### How to complete this task
Find the line containing "Marvel Avengers Pajamas from Marvel blue", then print it and each line after it through the end of the listing exactly, with no pictures.

───── Data

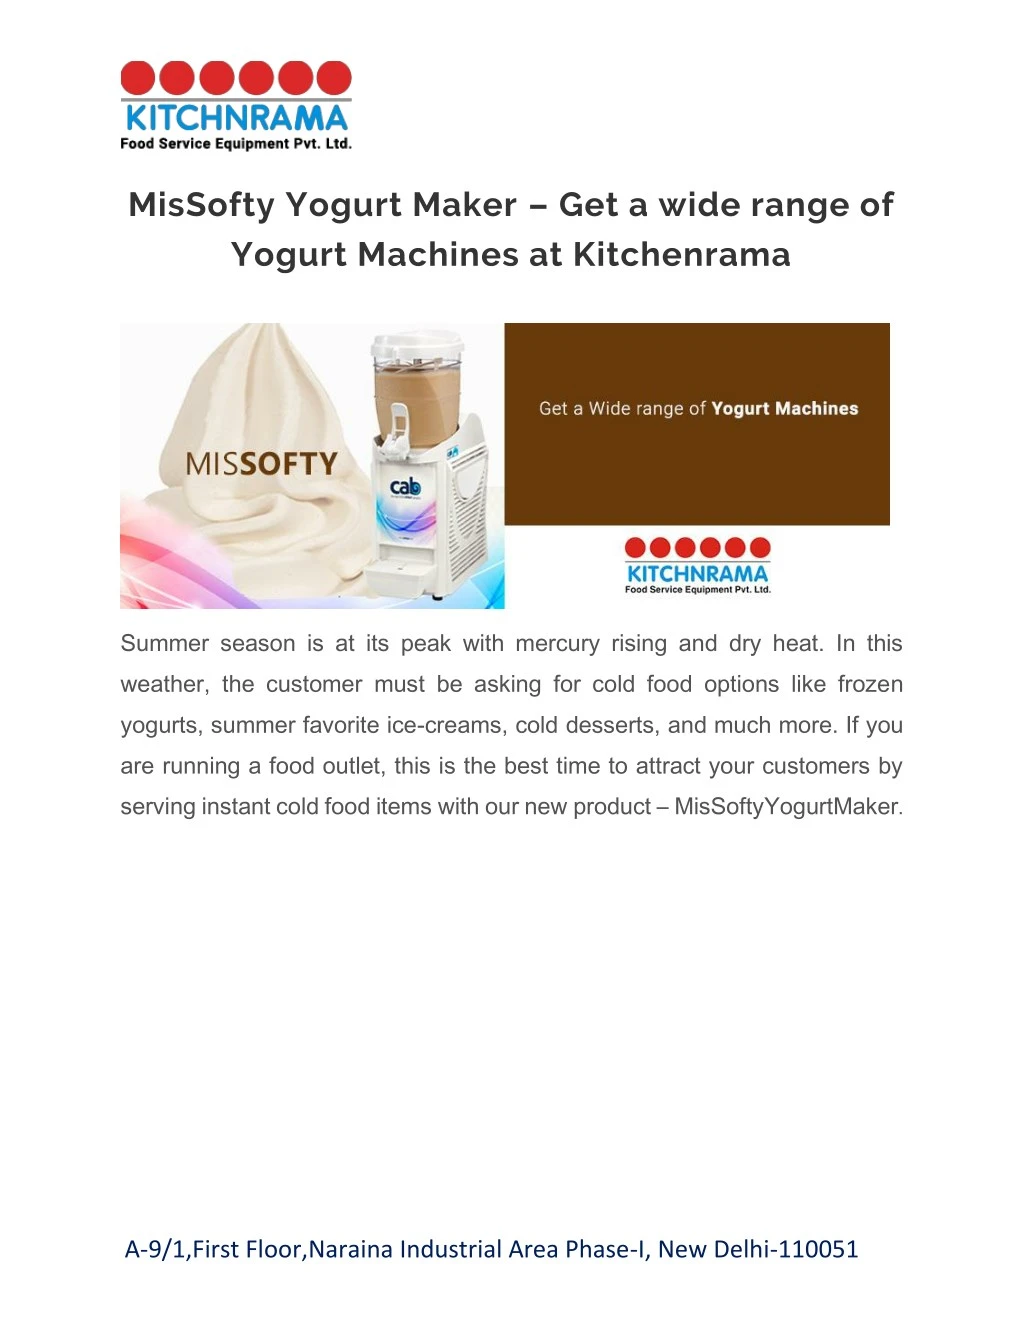 missofty yogurt maker get a wide range of yogurt
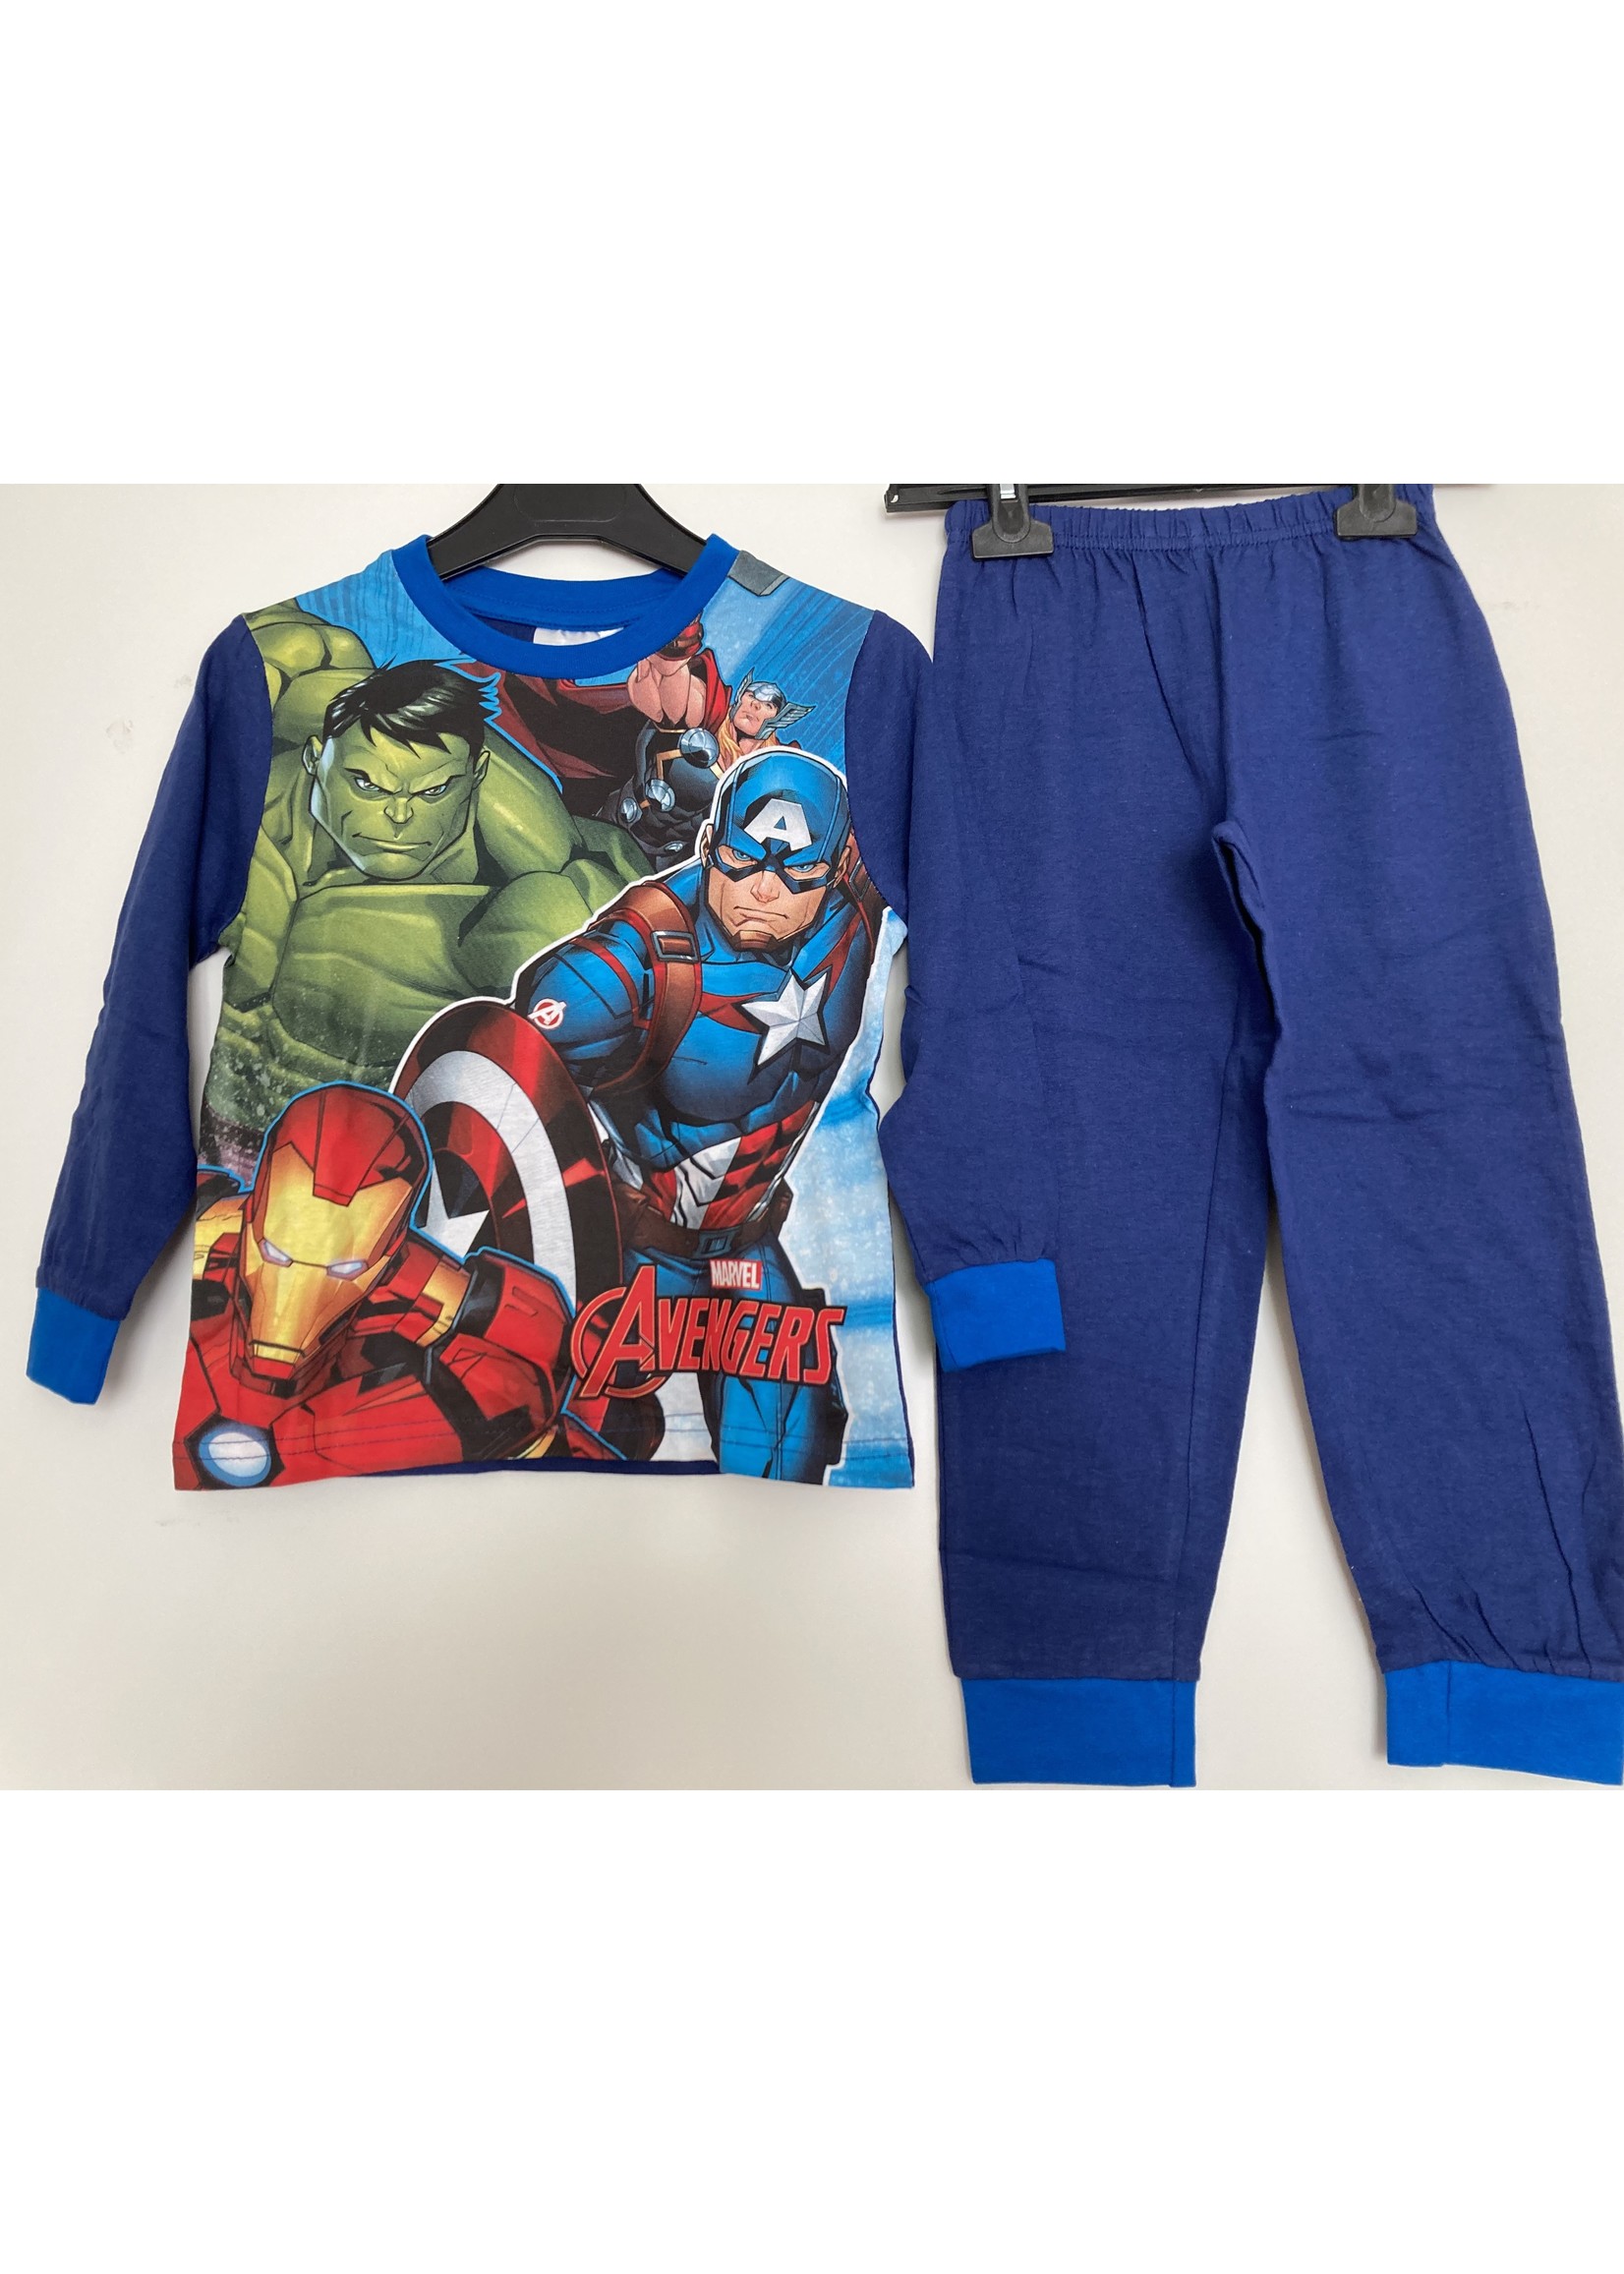 Marvel Avengers Pajamas from Marvel blue
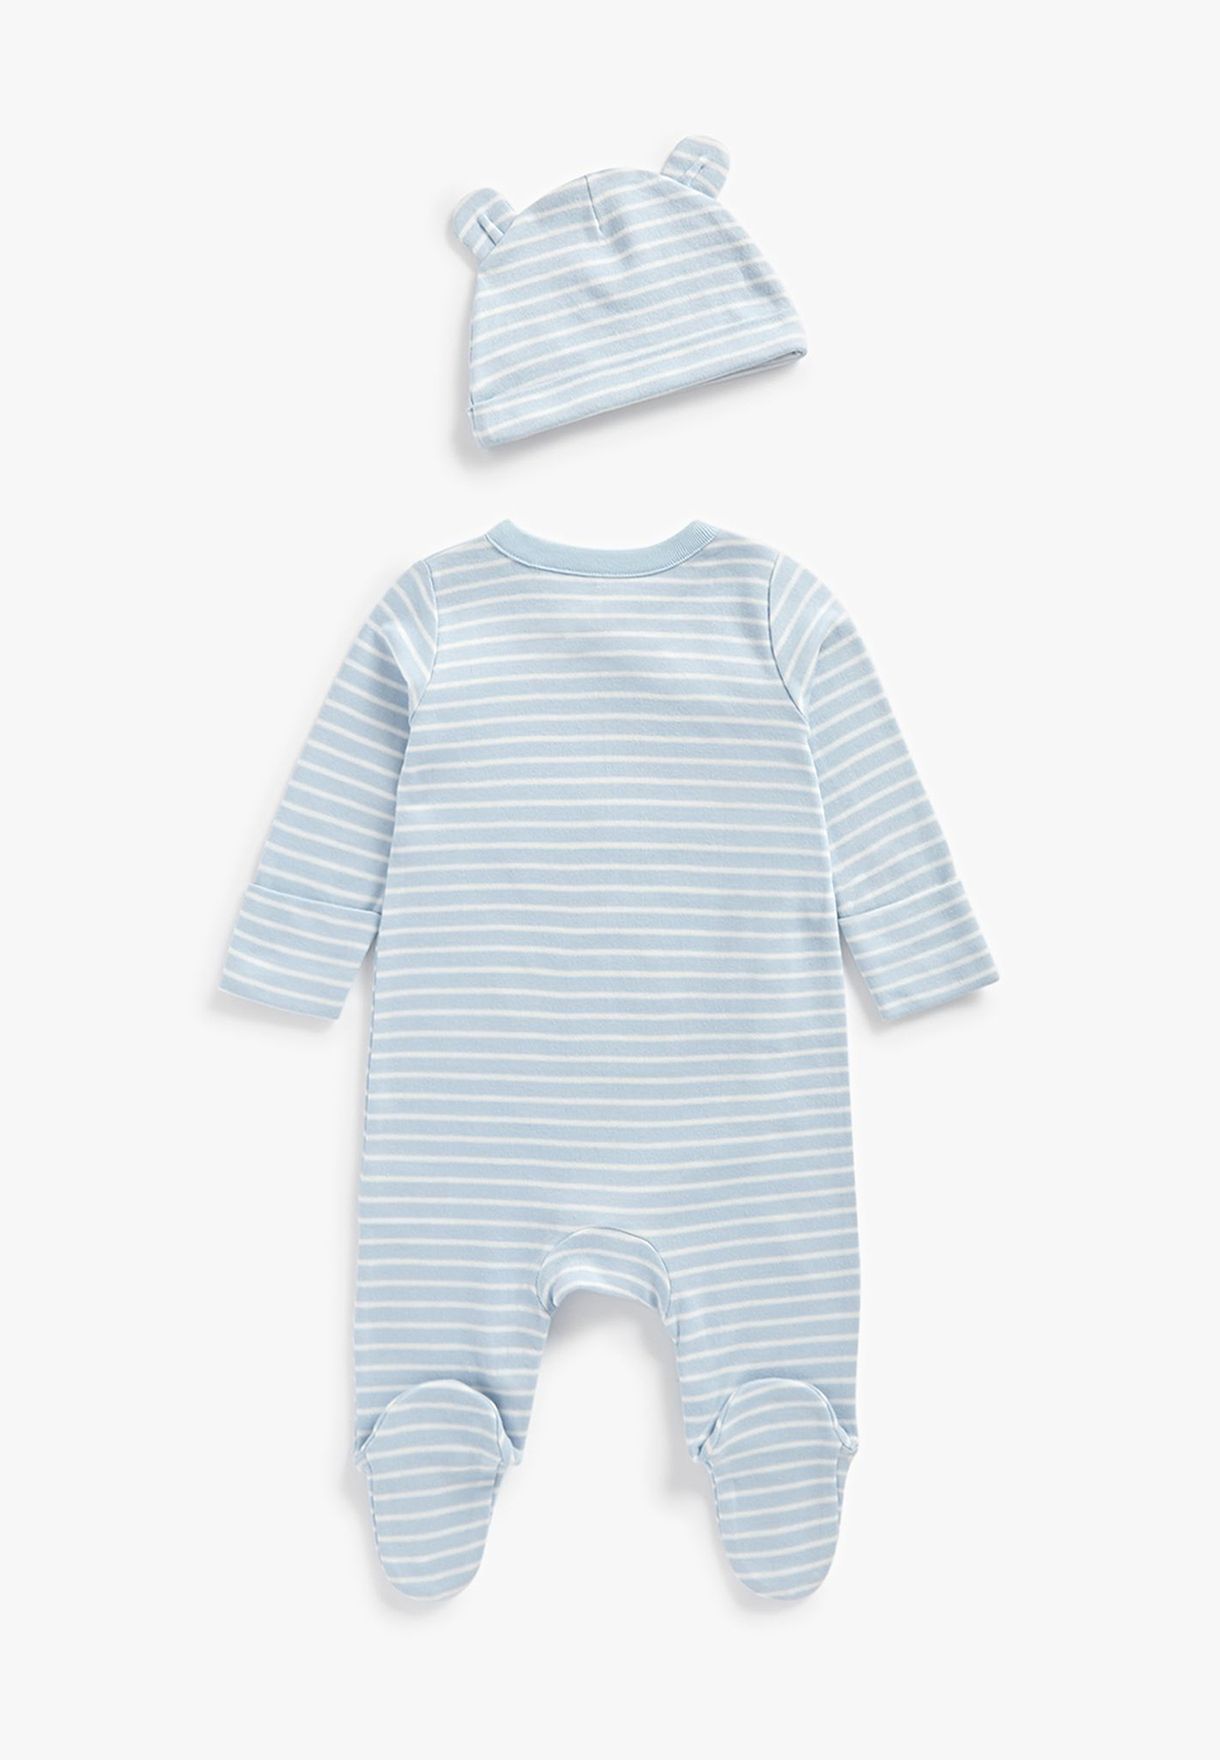 Infant Striped Onesies & Hat

──────────

### Exercise result
 Marvel Avengers Pajamas from Marvel blue
 Infant Striped Onesies & Hat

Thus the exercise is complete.